Information shown section start

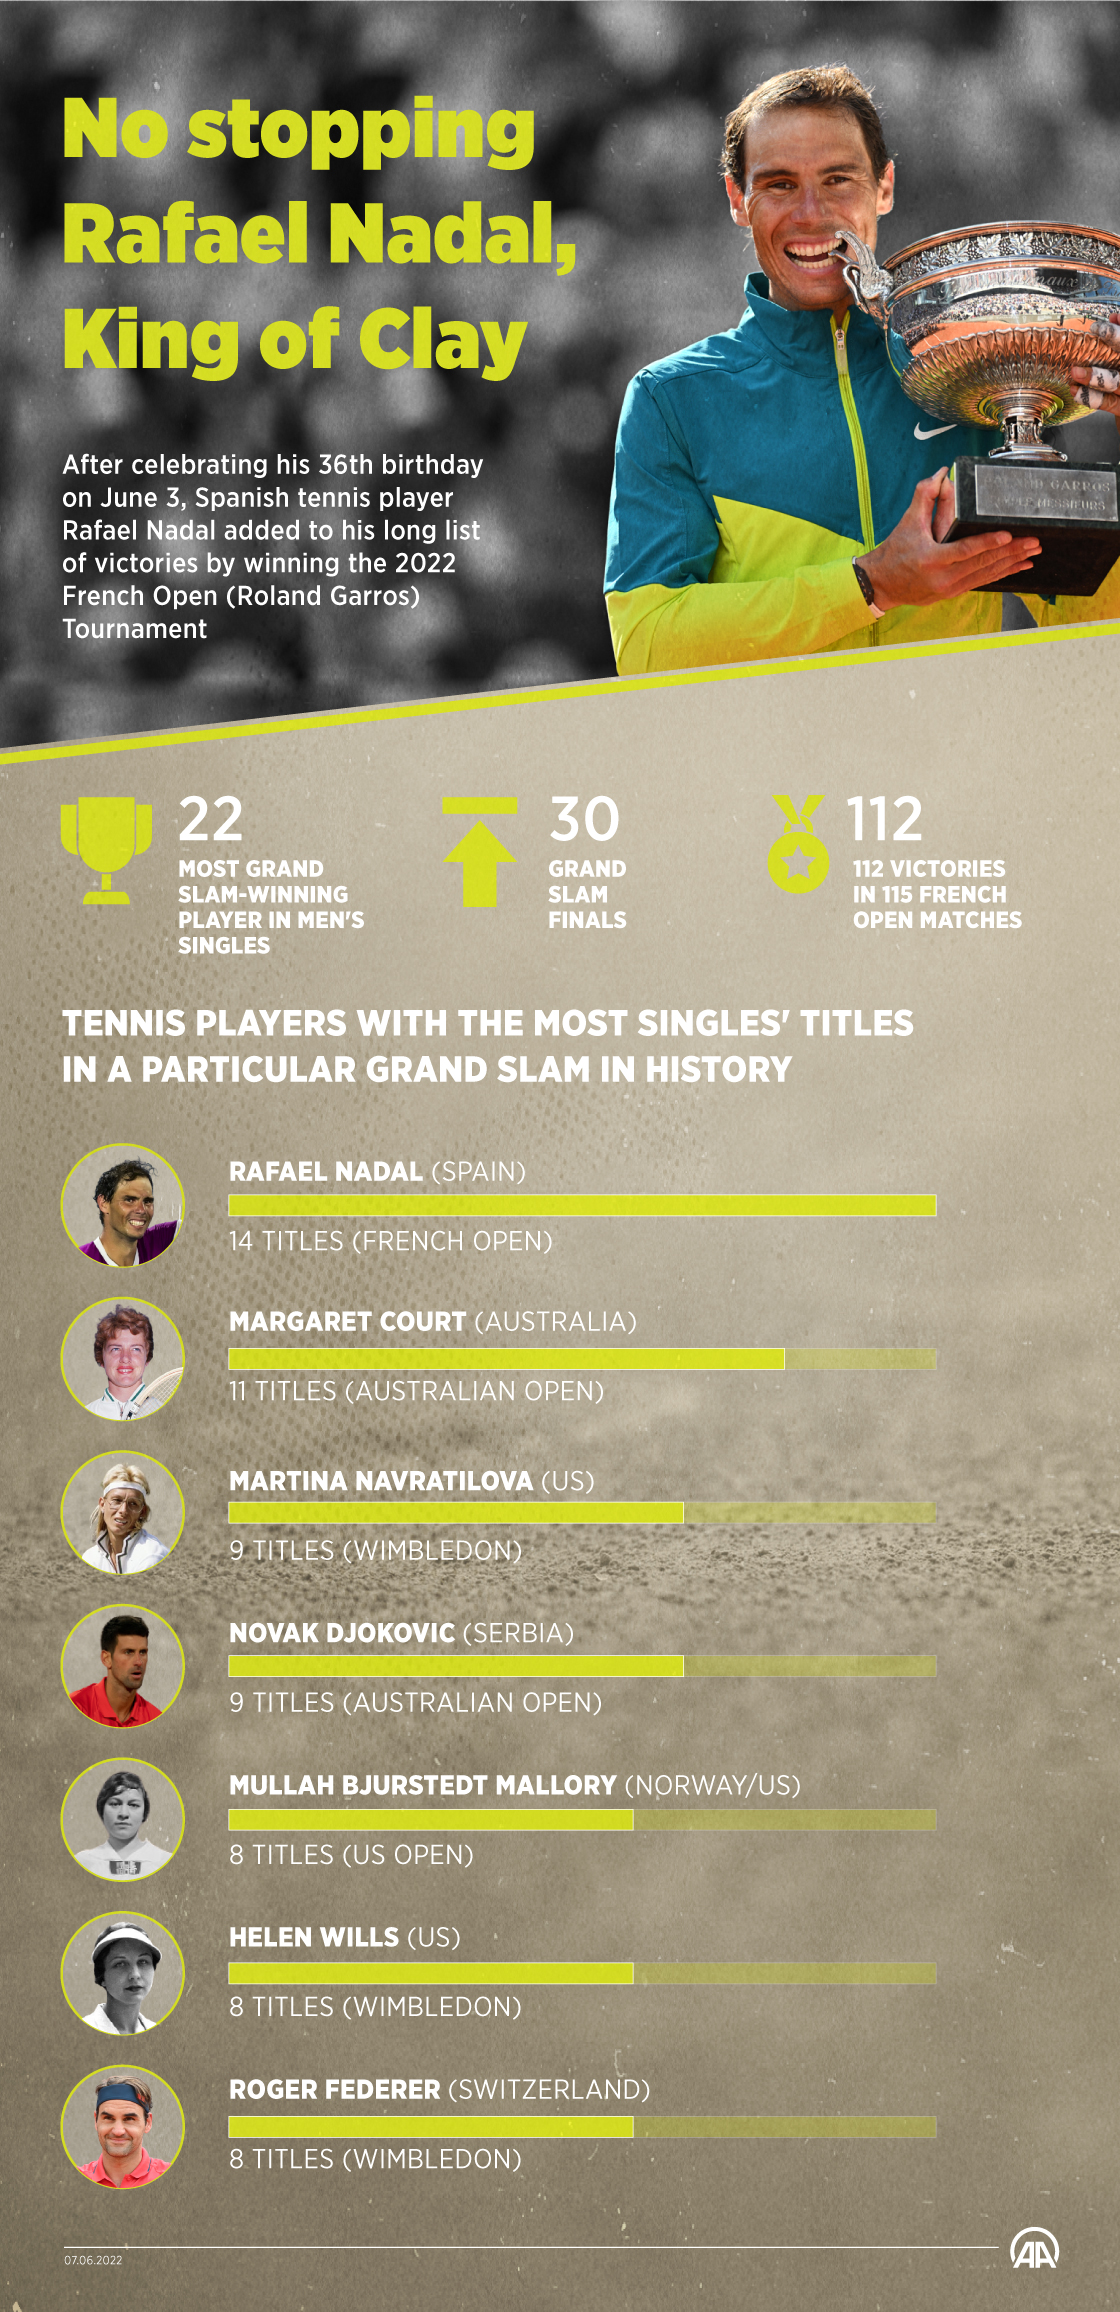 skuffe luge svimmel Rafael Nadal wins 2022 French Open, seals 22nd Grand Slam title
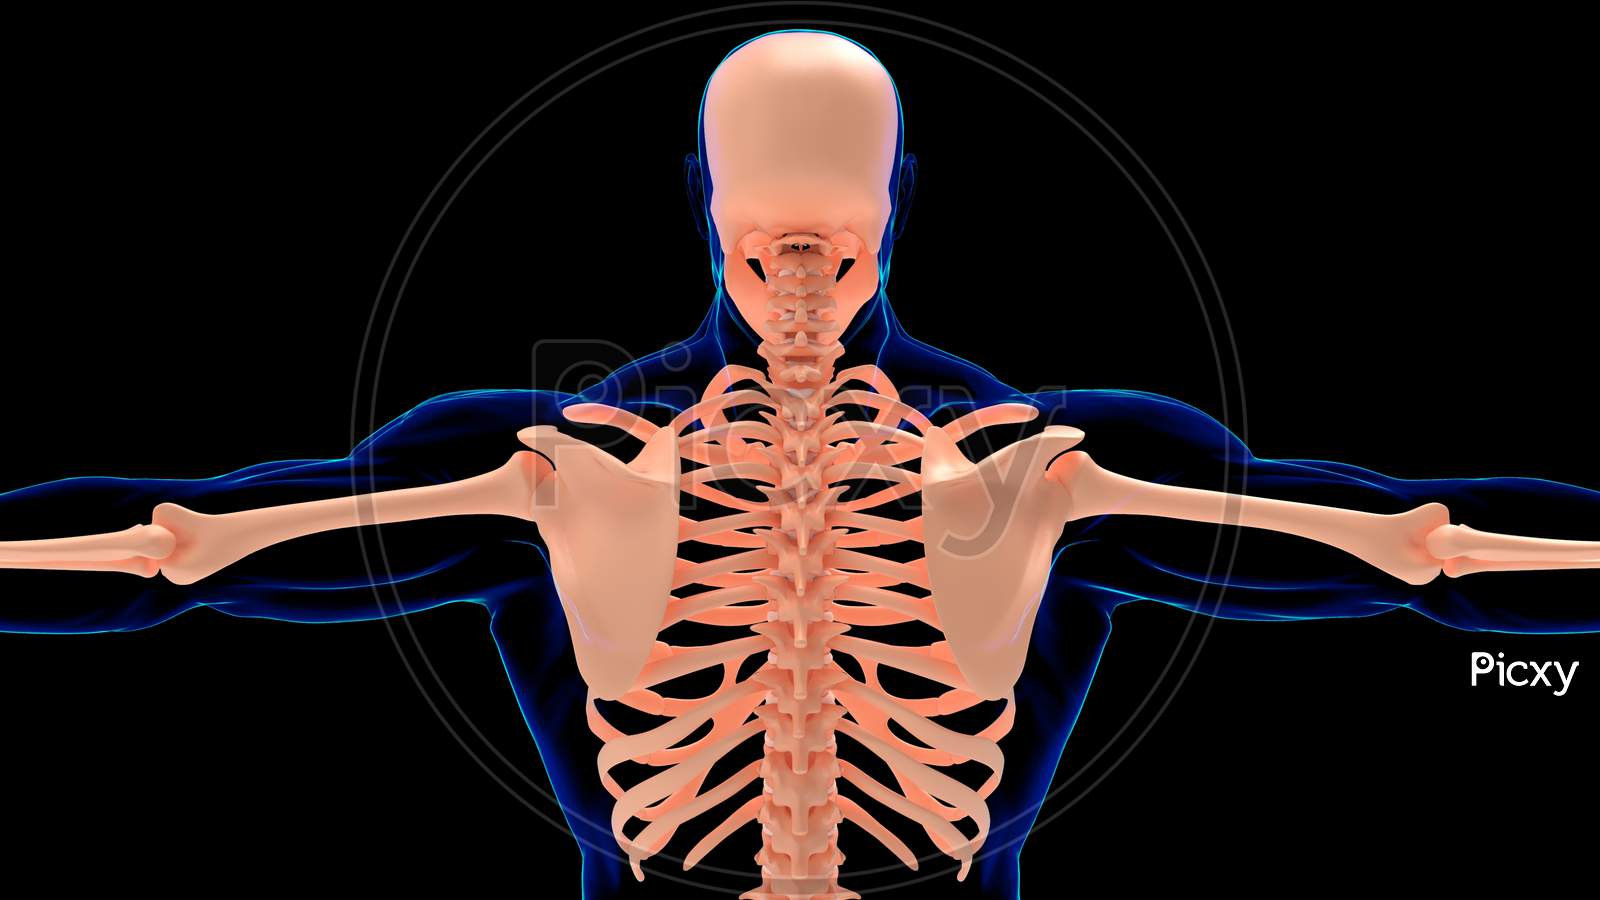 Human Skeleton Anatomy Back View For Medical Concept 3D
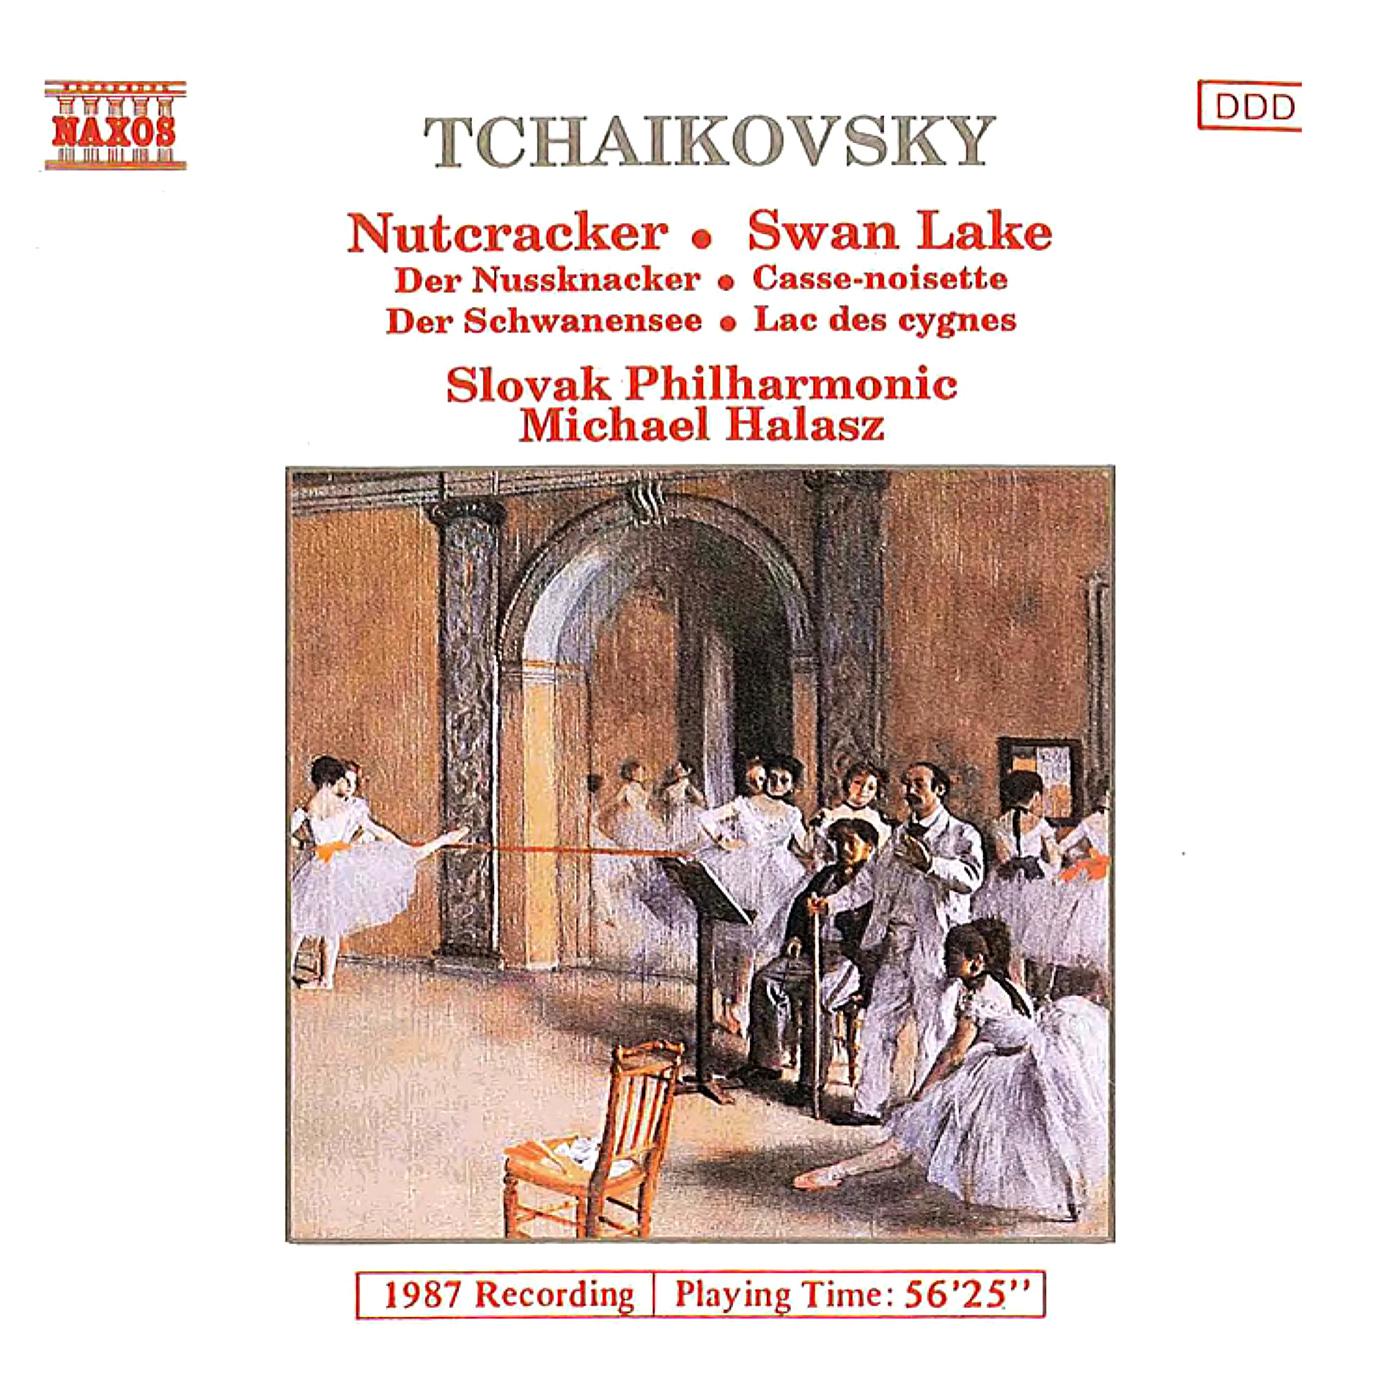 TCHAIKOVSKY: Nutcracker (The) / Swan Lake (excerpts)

Information shown section end

Required action
The data above should be restated exactly, with its images dropped.

Exercise answer
 skuffe luge svimmel Rafael Nadal wins 2022 French Open, seals 22nd Grand Slam title
 Human Skeleton Anatomy Back View For Medical Concept 3D
 TCHAIKOVSKY: Nutcracker (The) / Swan Lake (excerpts)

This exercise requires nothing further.